Can Hallucination Correction Improve Video-Language Alignment?
Lingjun Zhao, Mingyang Xie, Paola Cascante-Bonilla, Hal Daumé, Kwonjoon Lee
TL;DR
This work tackles the problem of grounding video-language models by reframing hallucinations as a training signal. It introduces HACA, a self-training framework where a Video-LLM learns to distinguish whether a caption entails a video and, when necessary, to generate corrected captions, complemented by a masking-correction augmentation. Empirical results on VELOCITI and SSv2 demonstrate that HACA yields consistent gains in text-to-video retrieval and video-caption binding, while preserving zero-shot QA capabilities.
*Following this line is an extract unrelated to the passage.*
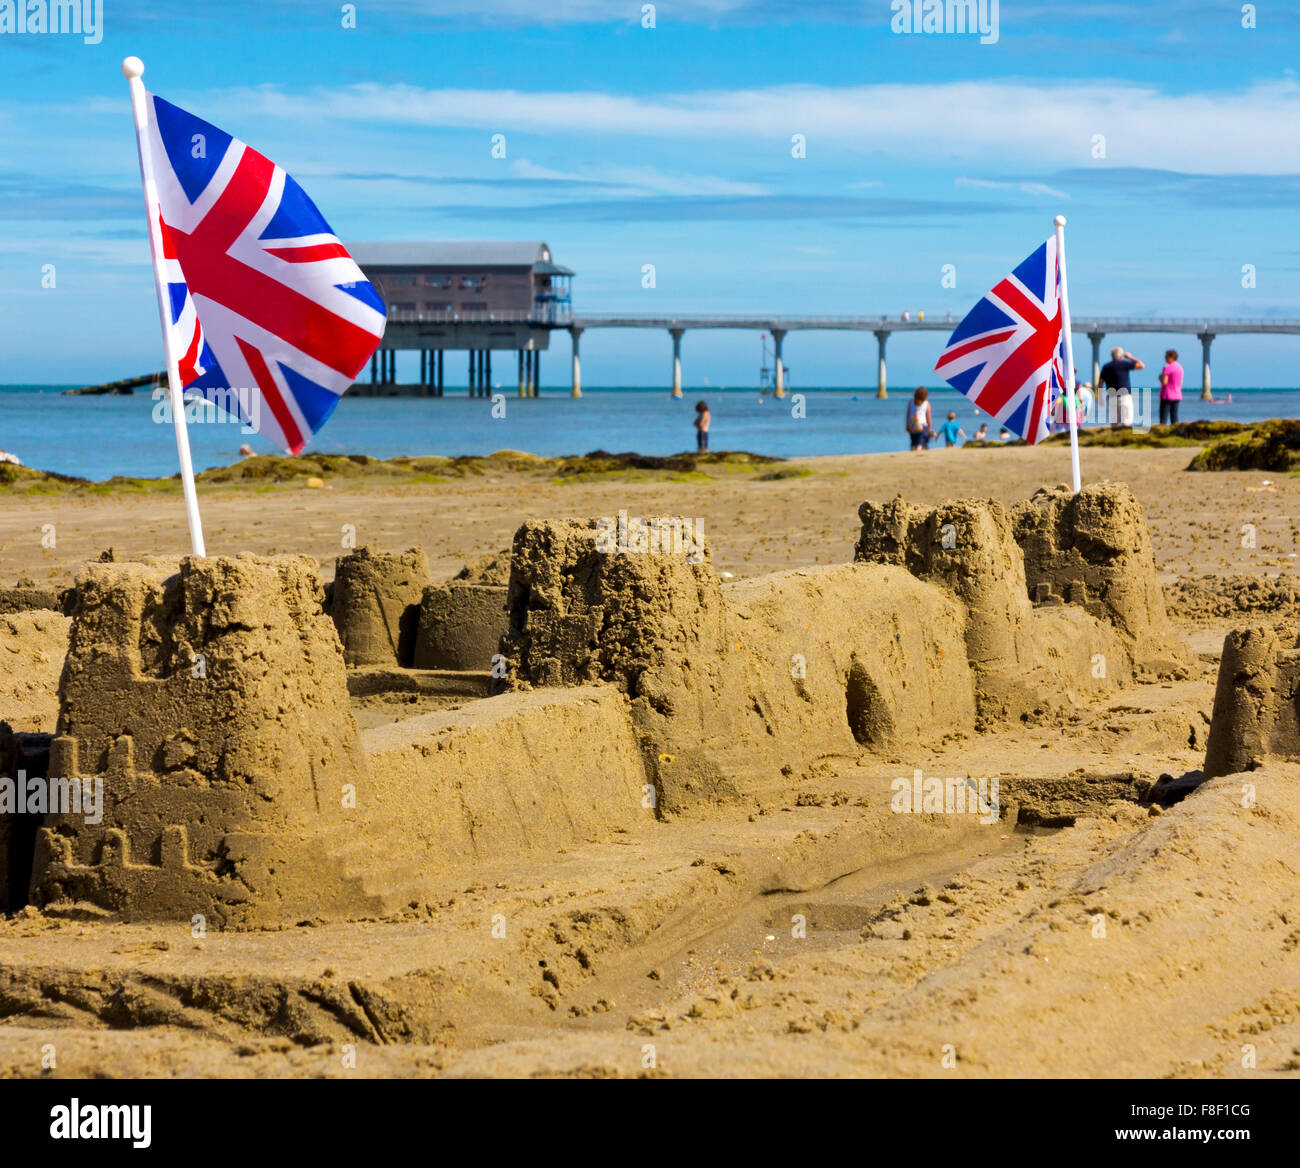 Castillo de arena tradicionales británicos con banderas de la Union Jack en una playa en verano en Bembridge Isle of Wight Inglaterra Foto de stock

The approach relies solely on ground-truth video descriptions, offering a practical path to improve spatio-temporal understanding in Video-LLMs without external annotation pipelines.
Abstract
Large Vision-Language Models often generate hallucinated content that is not grounded in its visual inputs. While prior work focuses on mitigating hallucinations, we instead explore leveraging hallucination correction as a training objective to improve video-language alignment. We introduce HACA, a self-training framework learning to correct hallucinations in descriptions that do not align with the video content. By identifying and correcting inconsistencies, HACA enhances the model's ability to align video and textual representations for spatio-temporal reasoning. Our experimental results show consistent gains in video-caption binding and text-to-video retrieval tasks, demonstrating that hallucination correction-inspired tasks serve as an effective strategy for improving vision and language alignment.